(Stored items)
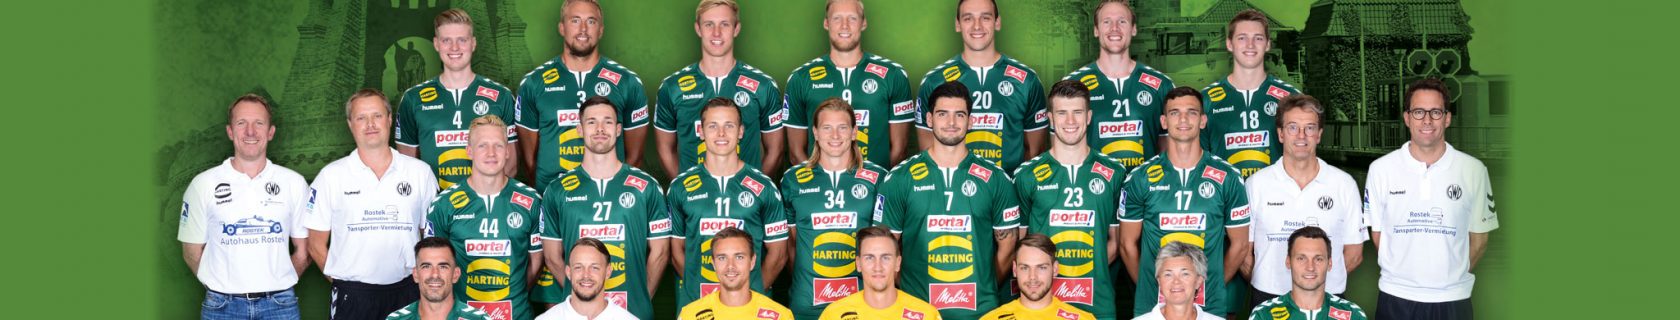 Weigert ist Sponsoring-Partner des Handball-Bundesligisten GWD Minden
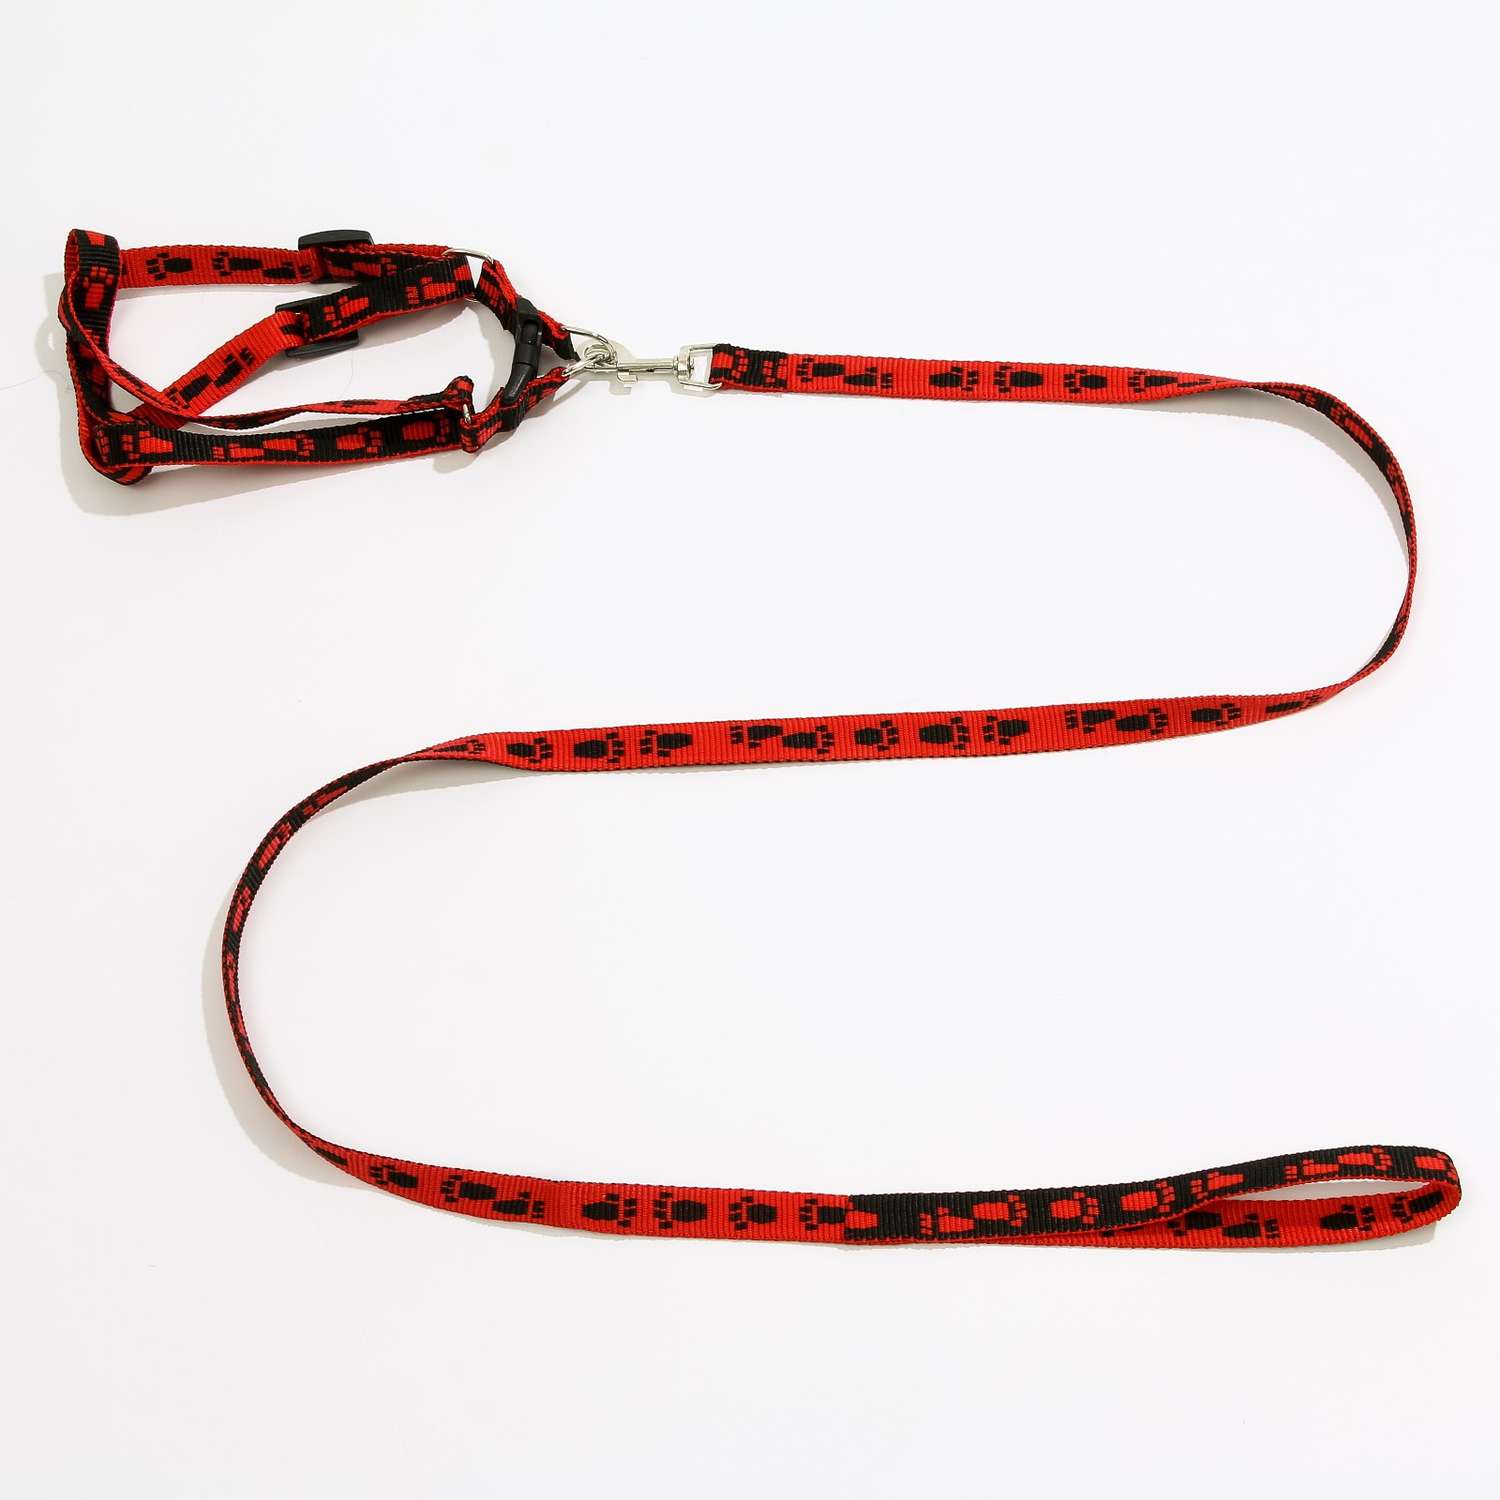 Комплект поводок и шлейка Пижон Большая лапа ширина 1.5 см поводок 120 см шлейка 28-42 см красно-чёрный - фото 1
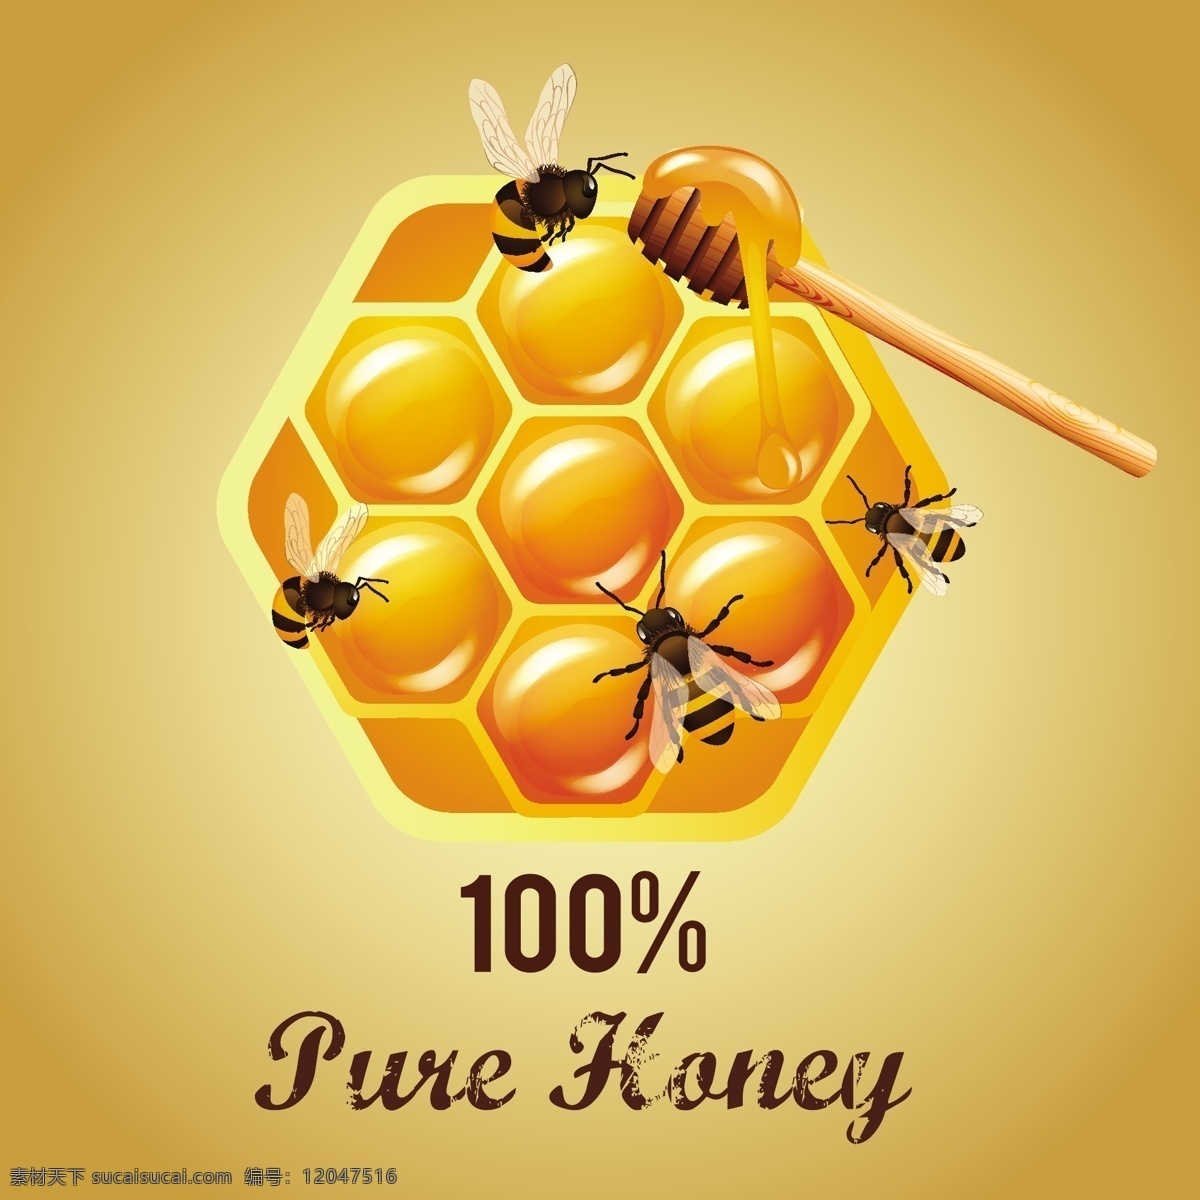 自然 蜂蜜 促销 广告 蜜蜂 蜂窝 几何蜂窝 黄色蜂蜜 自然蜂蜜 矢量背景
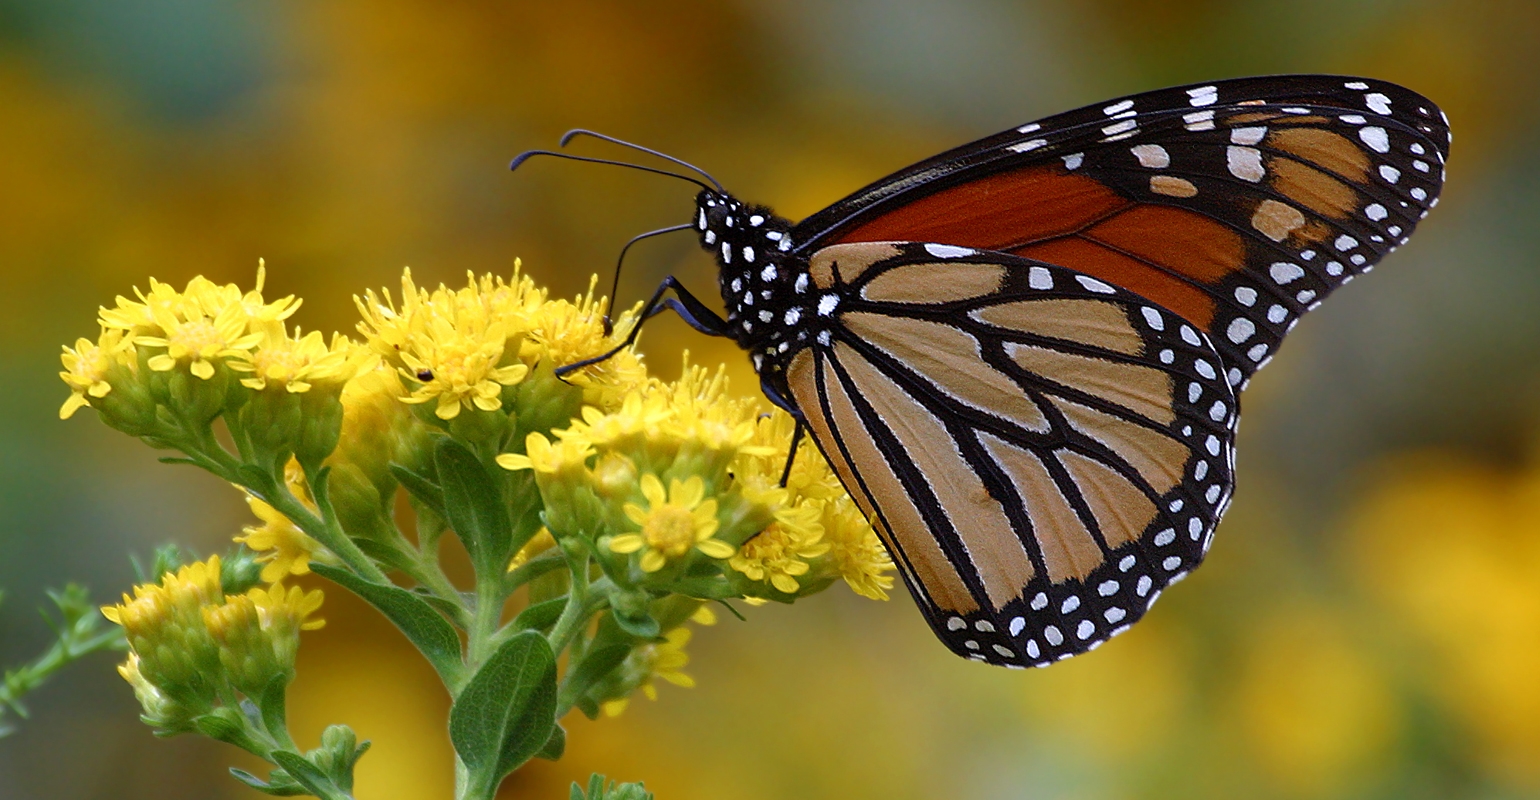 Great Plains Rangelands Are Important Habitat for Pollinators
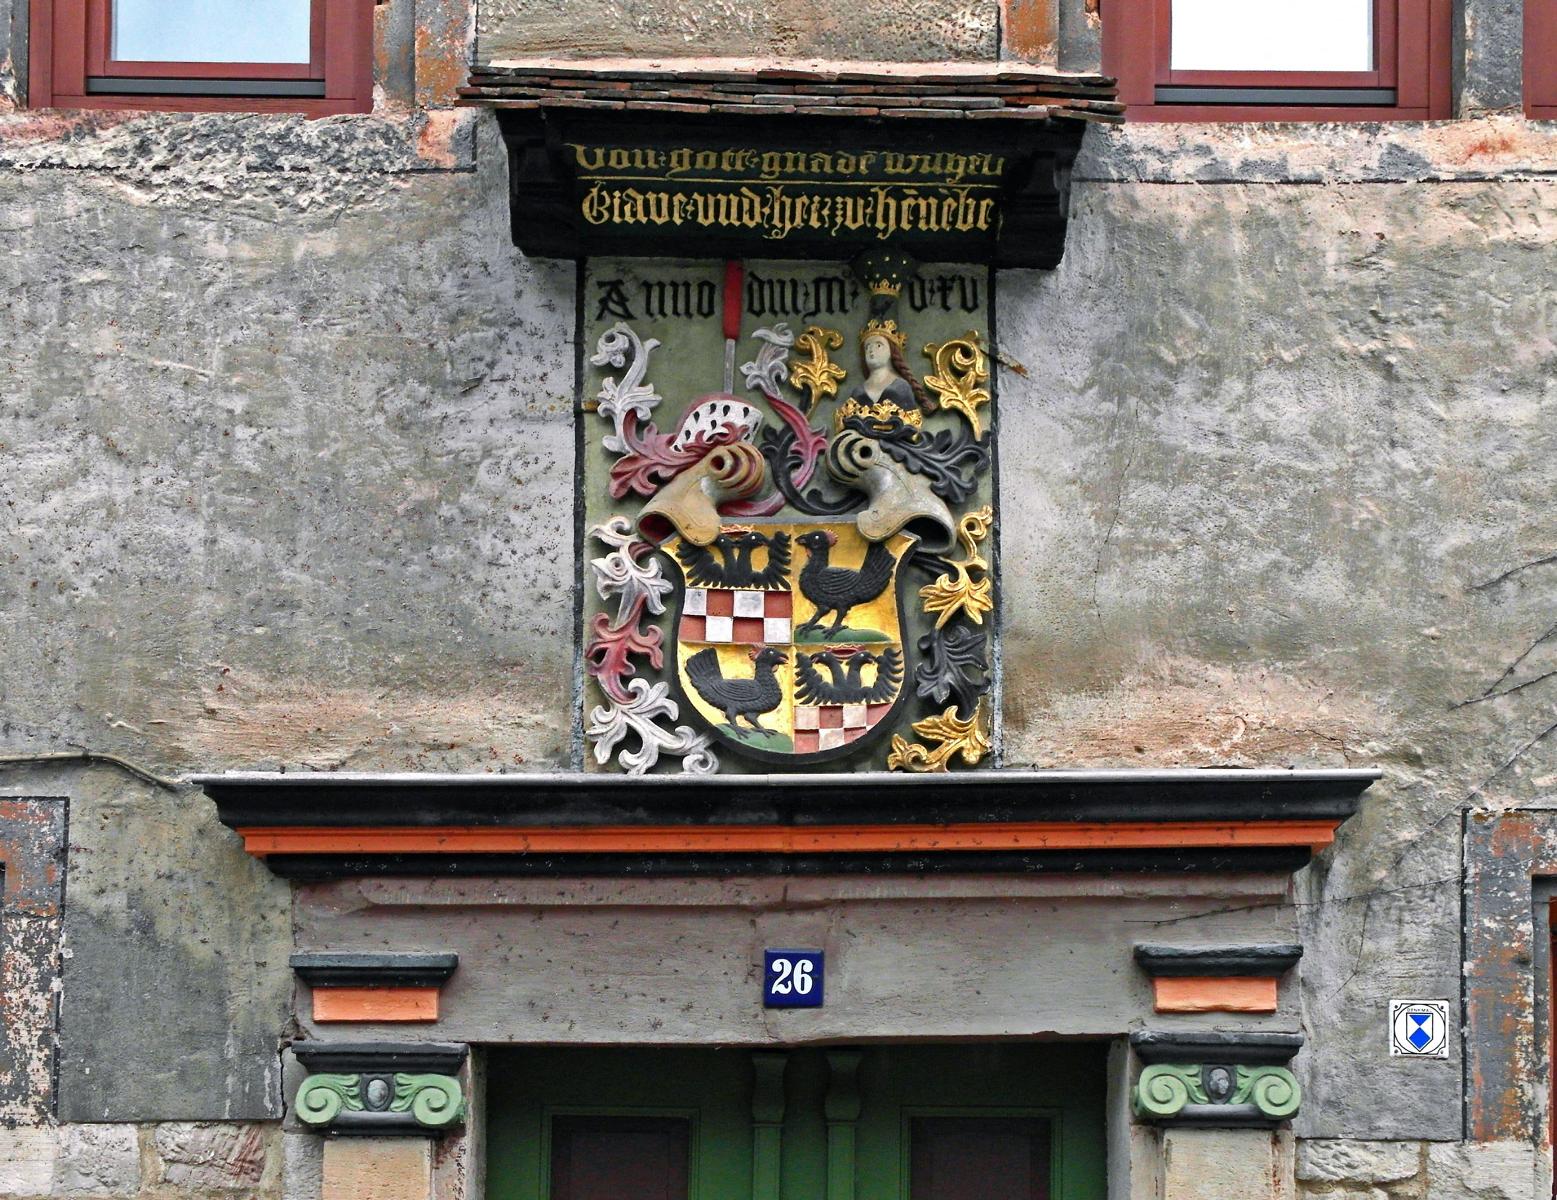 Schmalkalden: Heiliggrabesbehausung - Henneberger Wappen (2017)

Exercise:
The expected response is every entry above, repeated exactly, pictures removed.

Finished task:
 Weigert ist Sponsoring-Partner des Handball-Bundesligisten GWD Minden
 Комплект поводок и шлейка Пижон Большая лапа ширина 1.5 см поводок 120 см шлейка 28-42 см красно-чёрный - фото 1
 自然 蜂蜜 促销 广告 蜜蜂 蜂窝 几何蜂窝 黄色蜂蜜 自然蜂蜜 矢量背景
 Great Plains Rangelands Are Important Habitat for Pollinators
 Schmalkalden: Heiliggrabesbehausung - Henneberger Wappen (2017)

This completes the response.